Problem:
Transcribe the listing below exactly, leaving out each image.

Given information:
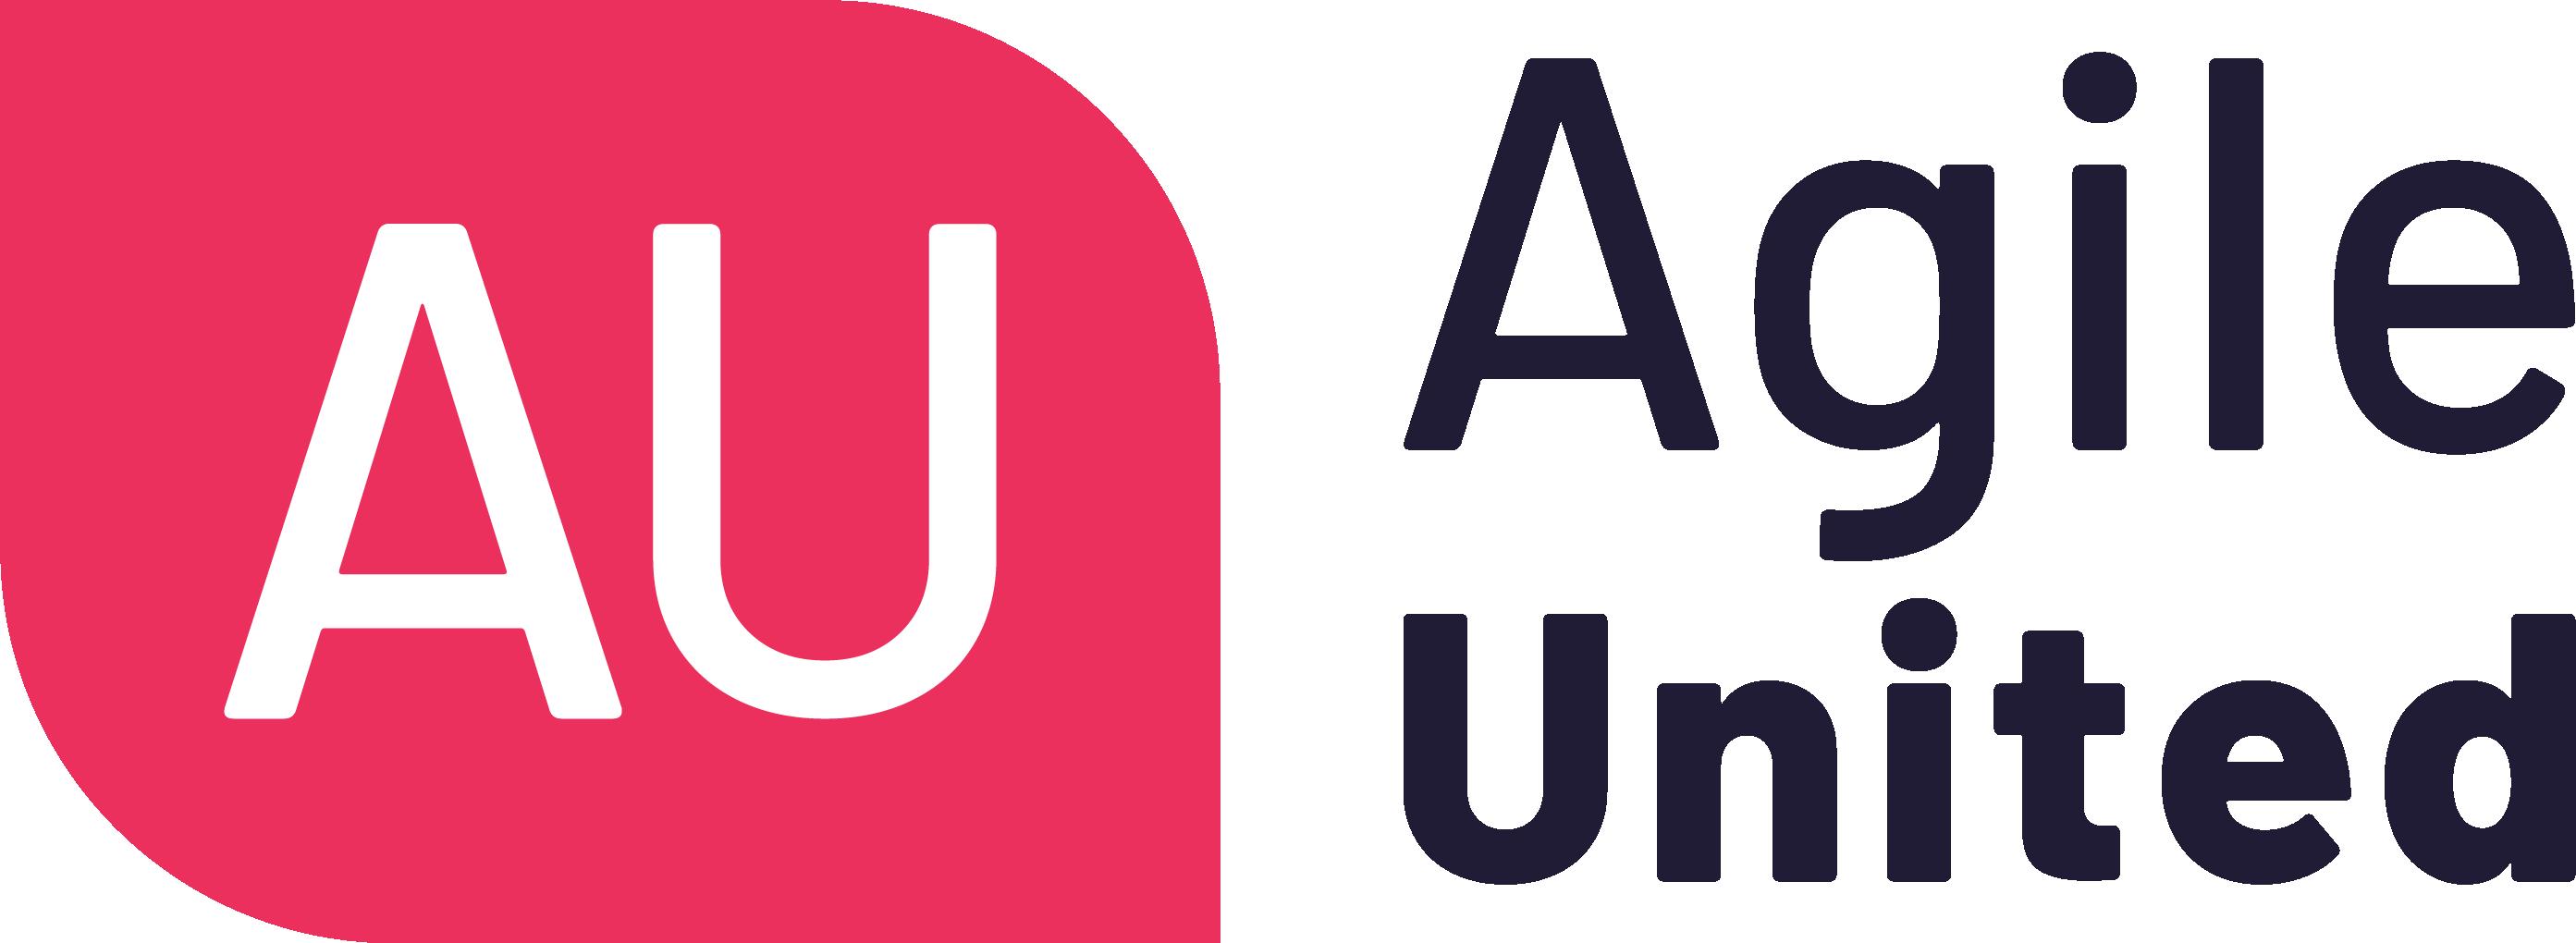 AU-CPAT-logo
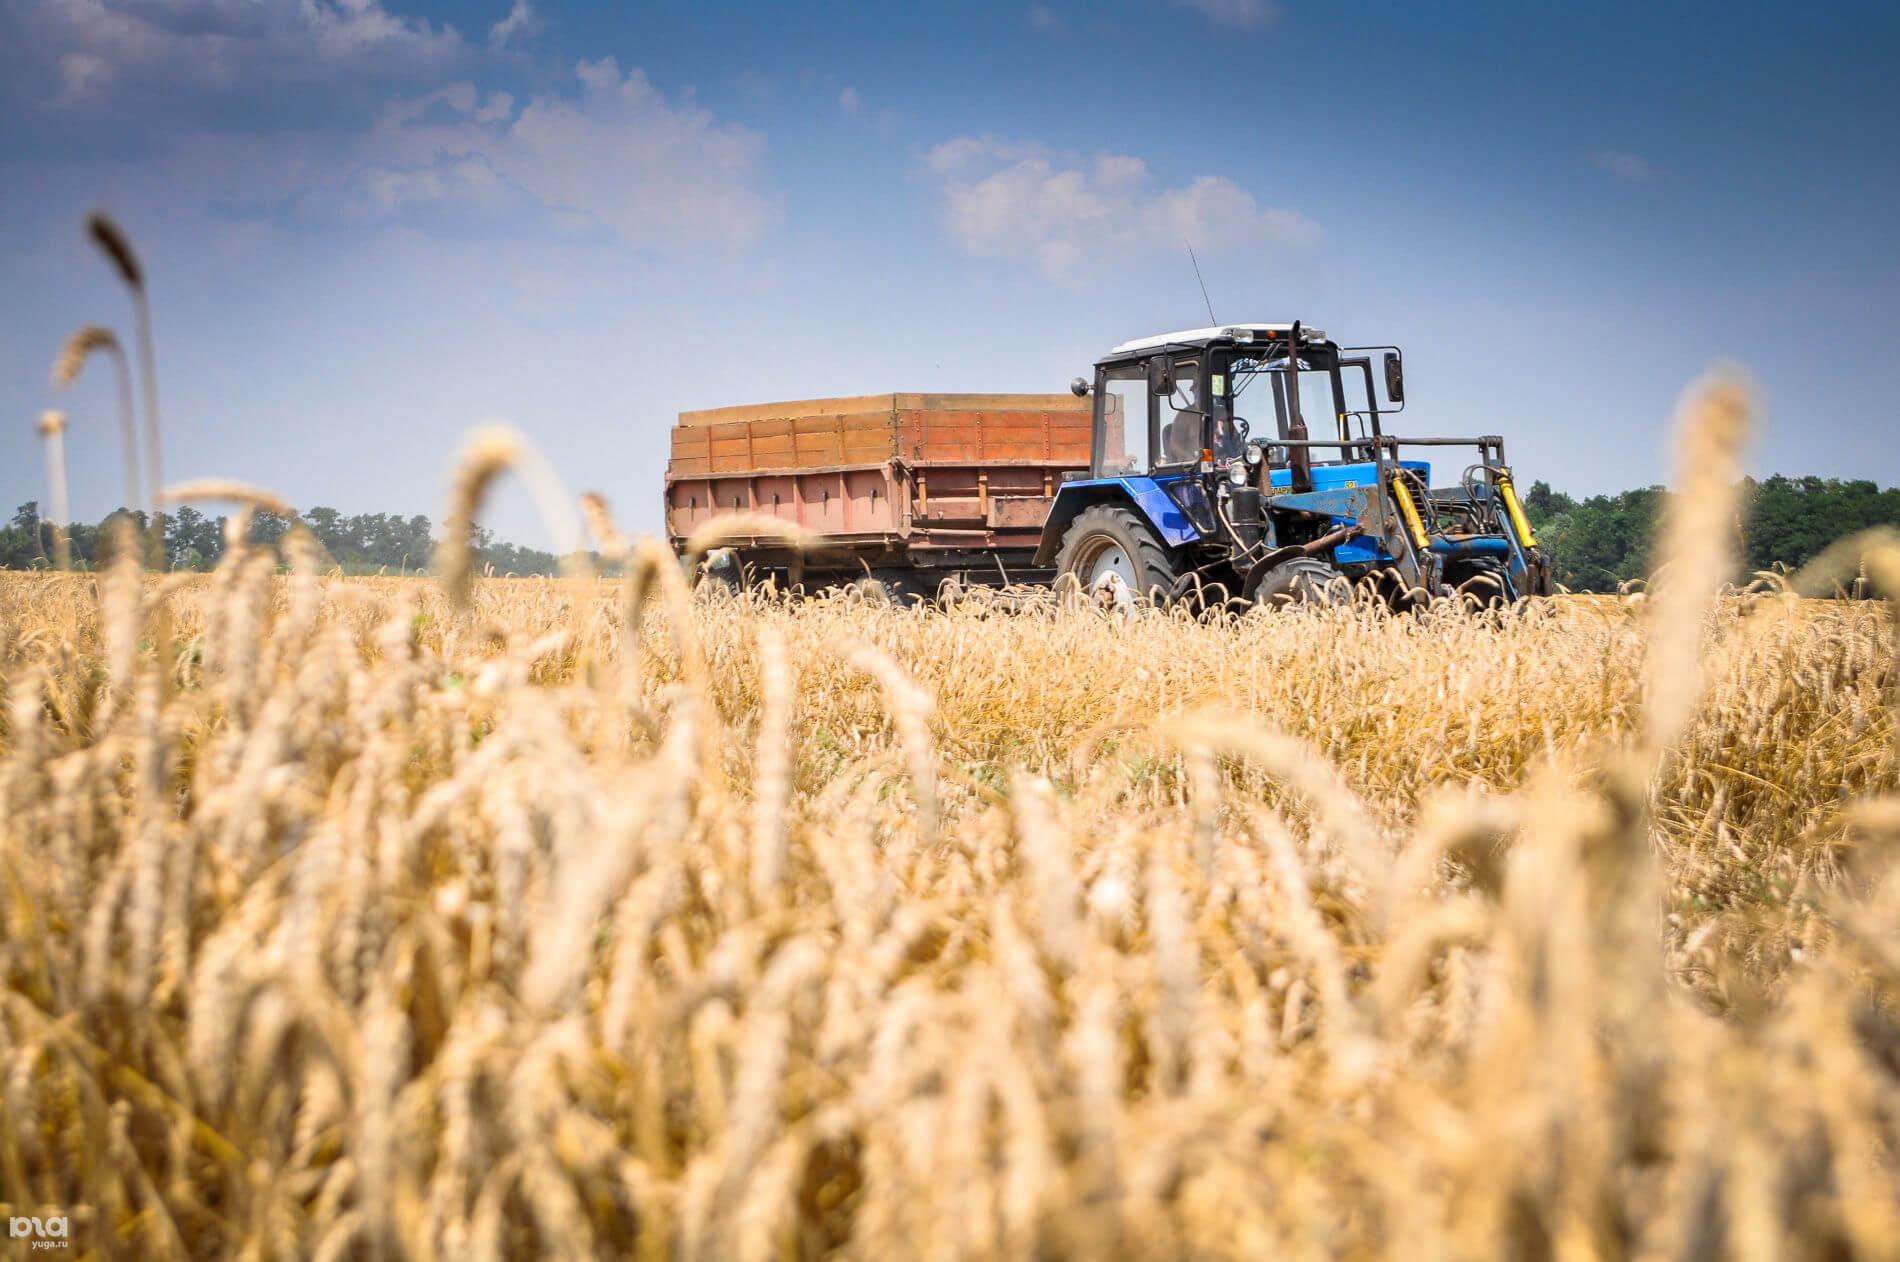 В период с июля по сентябрь 18/19 МГ экспорт пшеницы из Украины снизился на 11%
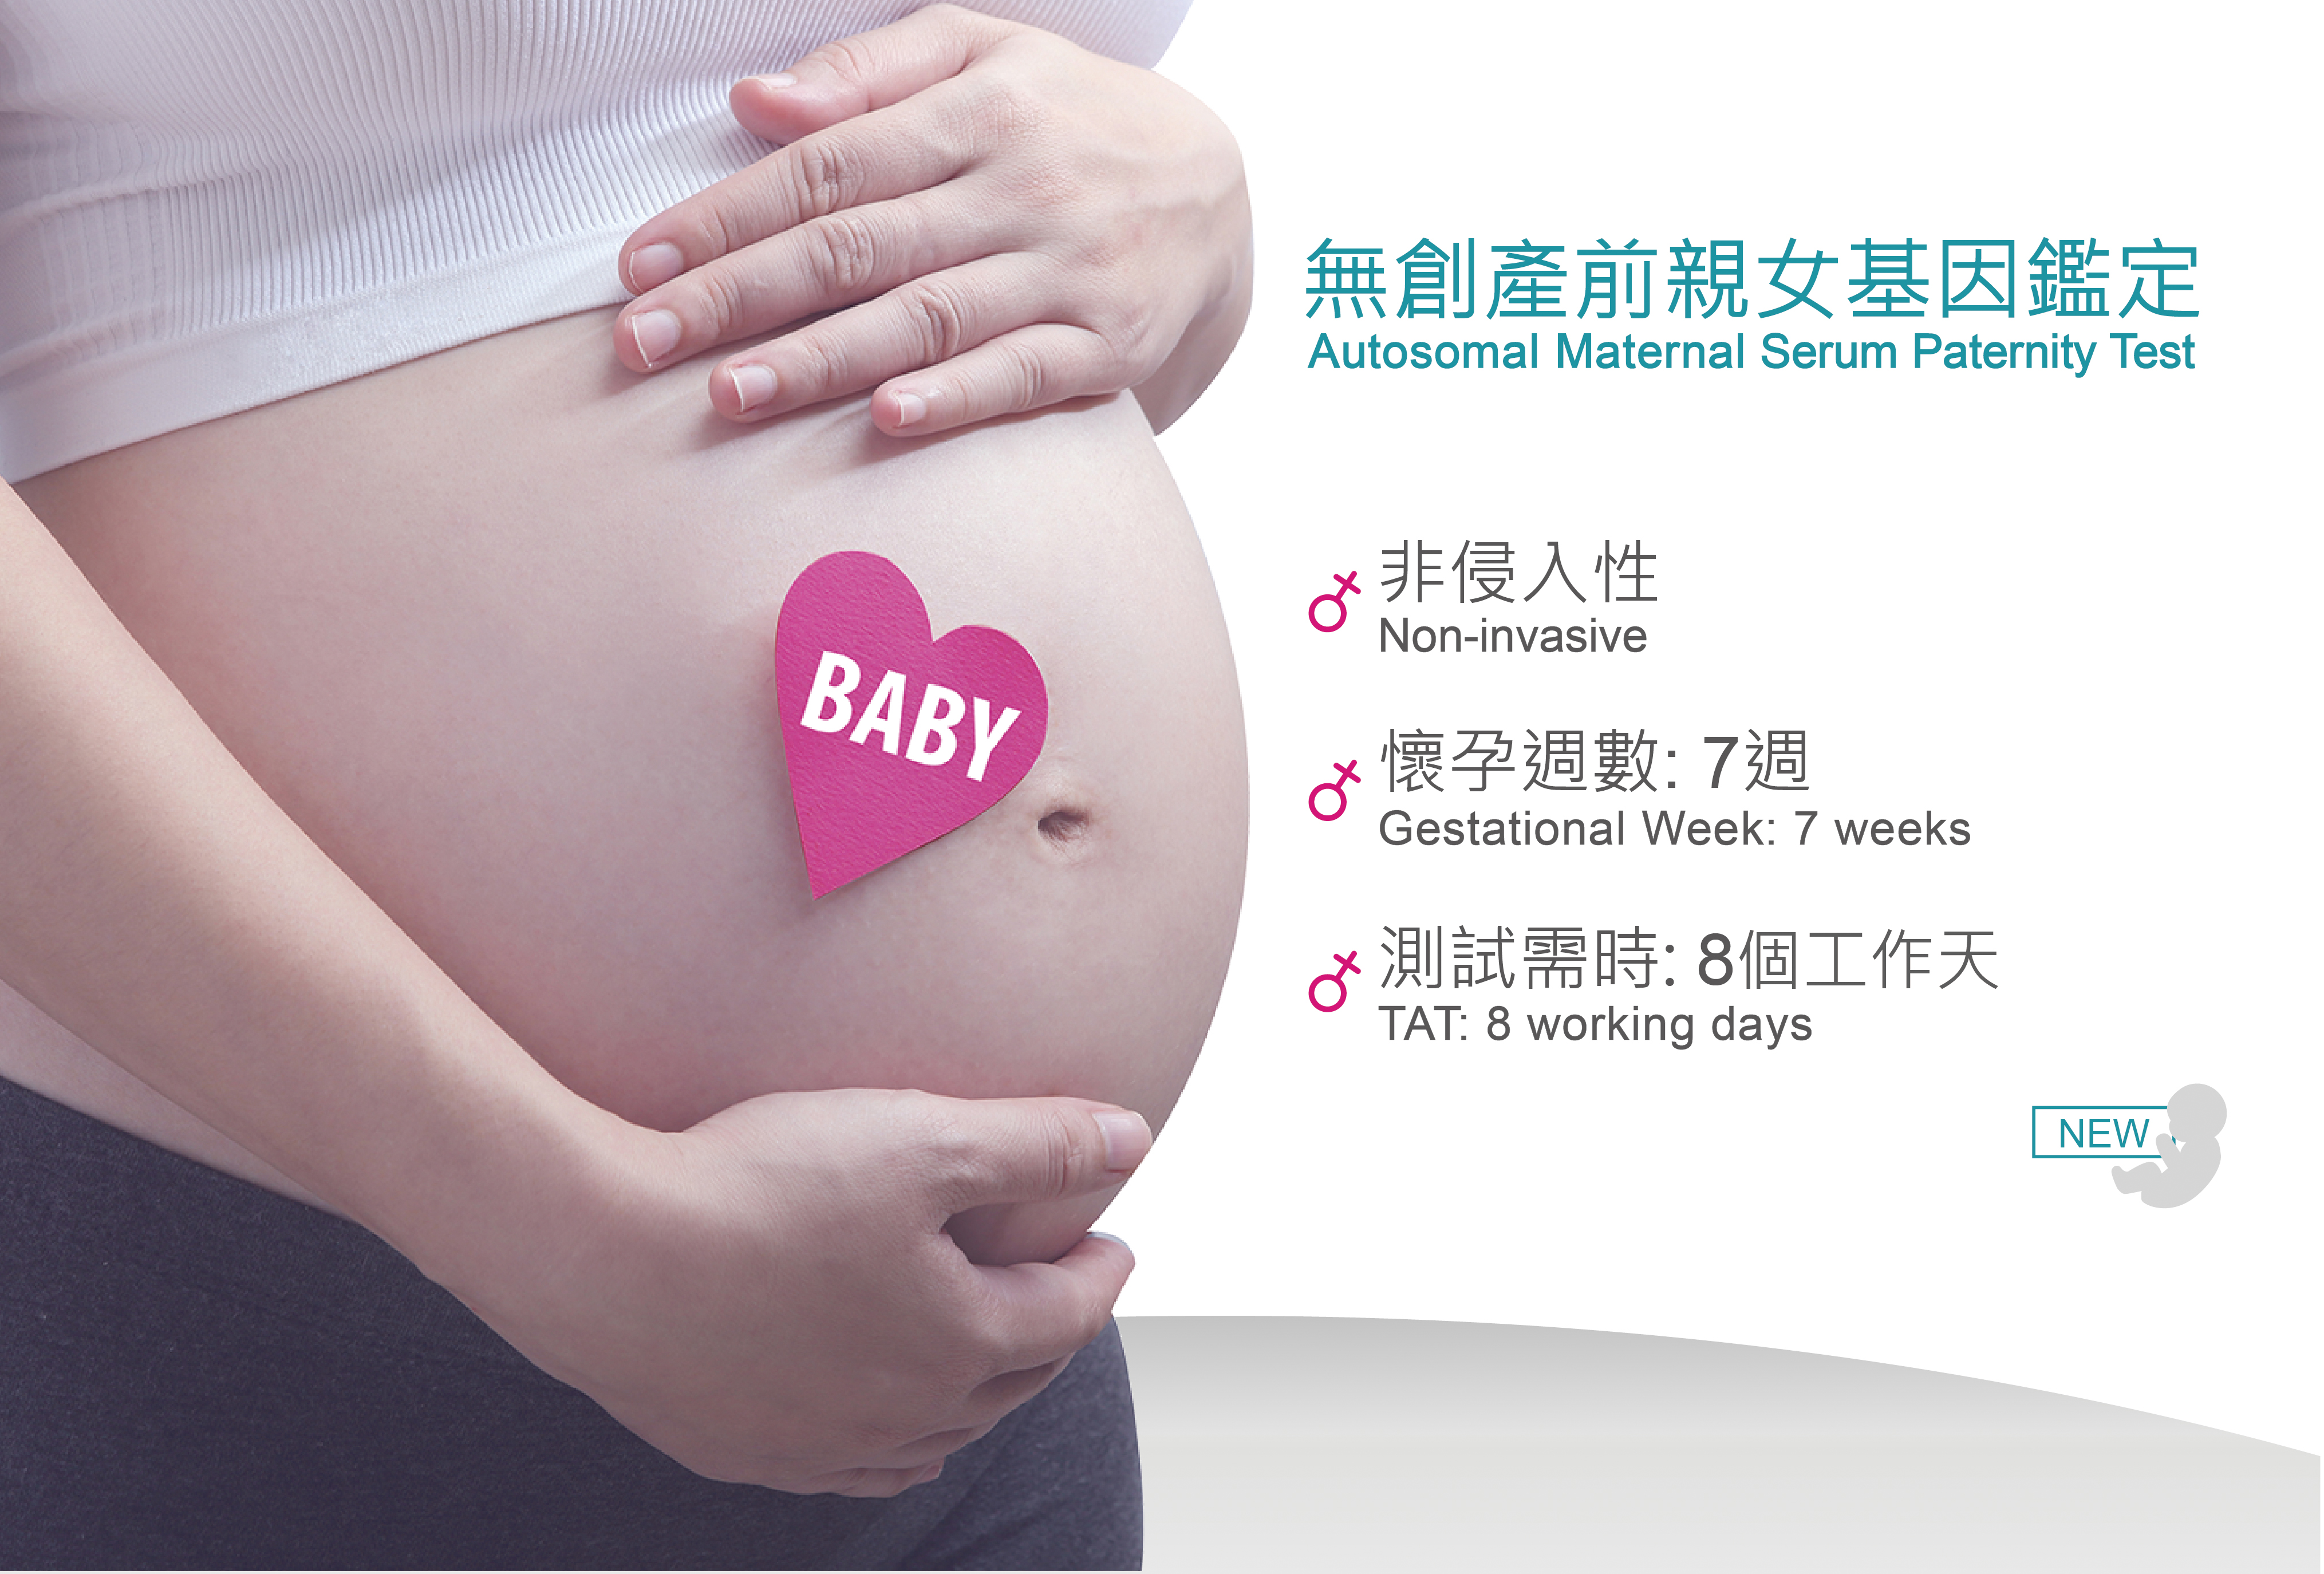 無創產前親女基因鑑定, 嶄新DNA鑑定技術 確定父女關係

Solution below:
 AU-CPAT-logo
 В период с июля по сентябрь 18/19 МГ экспорт пшеницы из Украины снизился на 11%
 無創產前親女基因鑑定, 嶄新DNA鑑定技術 確定父女關係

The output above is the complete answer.